U.S. Secretary of State Antony Blinken discussed the devastating consequences drugs like fentanyl are having on communities across the country during a visit Friday to Tucson.
“We see (fentanyl) affecting virtually every American community,” Blinken said during one of his stops here. “Forty percent of Americans know someone who died from opioid overdose. We had about 100,000 or-so overdoses last year. About 75 percent of those related to a synthetic opioid.”
He noted how Tucson’s proximity to the border puts the community on the forefront of trying to cope with the influx.
“As best we can tell, about 95 percent of the fentanyl that’s coming into this country is actually going through these legal ports of entry (at the border), it’s not being smuggled across between them,” Blinken said during a stop at Tucson’s emergency call center, where he was joined by Mayor Regina Romero and officials from Pima County’s health department and the city’s Public Safety Communications Department.
About $35 million in federal funding is on its way to the state to help combat the crisis.
That funding will be going toward a “number of things” that will help to confront the effects of the influx of opioids, Blinken said.
“It’s bringing together all of the different factors, because it can’t just be a law enforcement issue,” he said. “We’ve got to spend the money on (public awareness campaigns), treatment, prevention ... housing.”
Blinken noted the State Department’s Global Coalition to Address Synthetic Drug Threats, which has brought together over 150 countries, and companies within those countries, to “share best practices, share information, and work to get ahead of this.”
In early April, Arizona Katie Hobbs signed the fentanyl sentencing bill HB 2245, the Ashley Dunn Act, a piece of legislation that will “allow for enhanced sentencing for those convicted of selling large quantities of fentanyl.”
“Our state has been flooded with this cheap and deadly drug in recent years, and we need more robust tools to deter those illegally selling large quantities of it in our state,” Arizona Attorney General Kris Mayes commended the bill in a news release. “This legislation is one of those tools allowing for enhanced penalties for those selling over 200 grams of fentanyl, or the equivalent of 2,000 fentanyl pills.”
HB 2245 penalizes first-time offenders who sell or transfer fentanyl by a minimum four-year sentence, escalating all the way up to 20 years.
Along with the emergency call center stop, Blinken tour one of the city’s passport centers.
Romero said that the city council and the Pima County Board of Supervisors will both look to pass resolutions next week to declare the southern Arizona fentanyl situation an emergency.
“It’s because of federal dollars that we have been able to create programs like the Community Safety, Health and Wellness (department), the Housing First program, and Department of Justice funds have helped us create the community service officer positions.
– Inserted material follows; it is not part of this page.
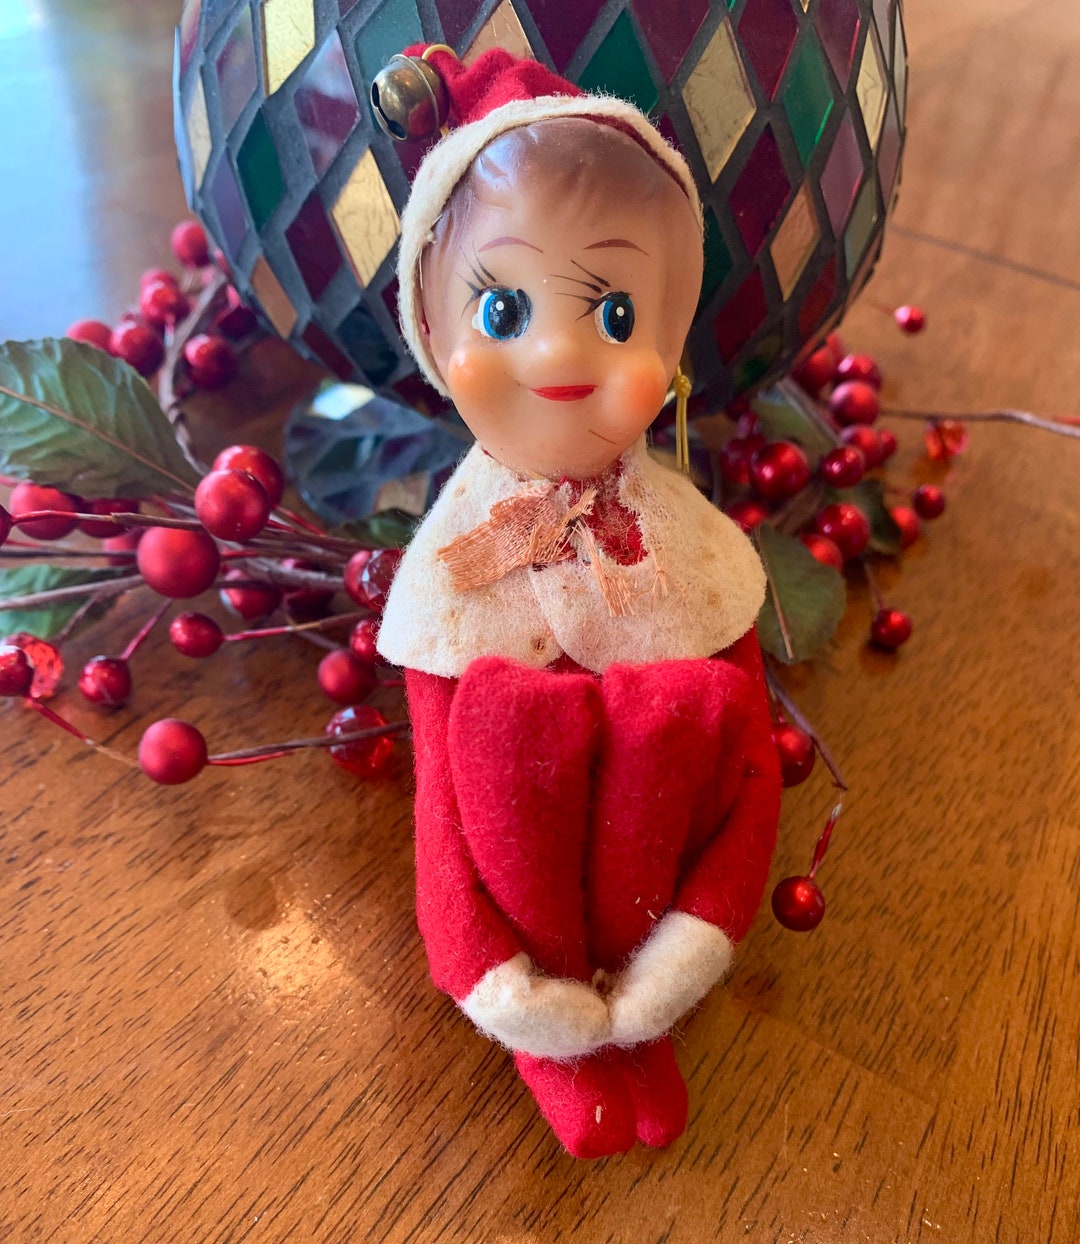 Vintage Elf Knee Hugger Christmas Ornament Figurine MCM Pixie - Etsy

In four years we went from zero to 140 community service officers... This is the frontlines of (much of that work Blinken does) throughout the world.”
Additionally, the two bodies will be entering into an intergovernmental agreement (IGA) to figure out how they will be further spending funds from the One Arizona Distribution of Opioid Settlement Fund, Romero said.
Blinken was set to head to Sedona Friday night to speak with U.S. Sen Mitt Romney, to discuss current U.S. foreign policy and the Secretary of State’s recent trips to China and the Middle East.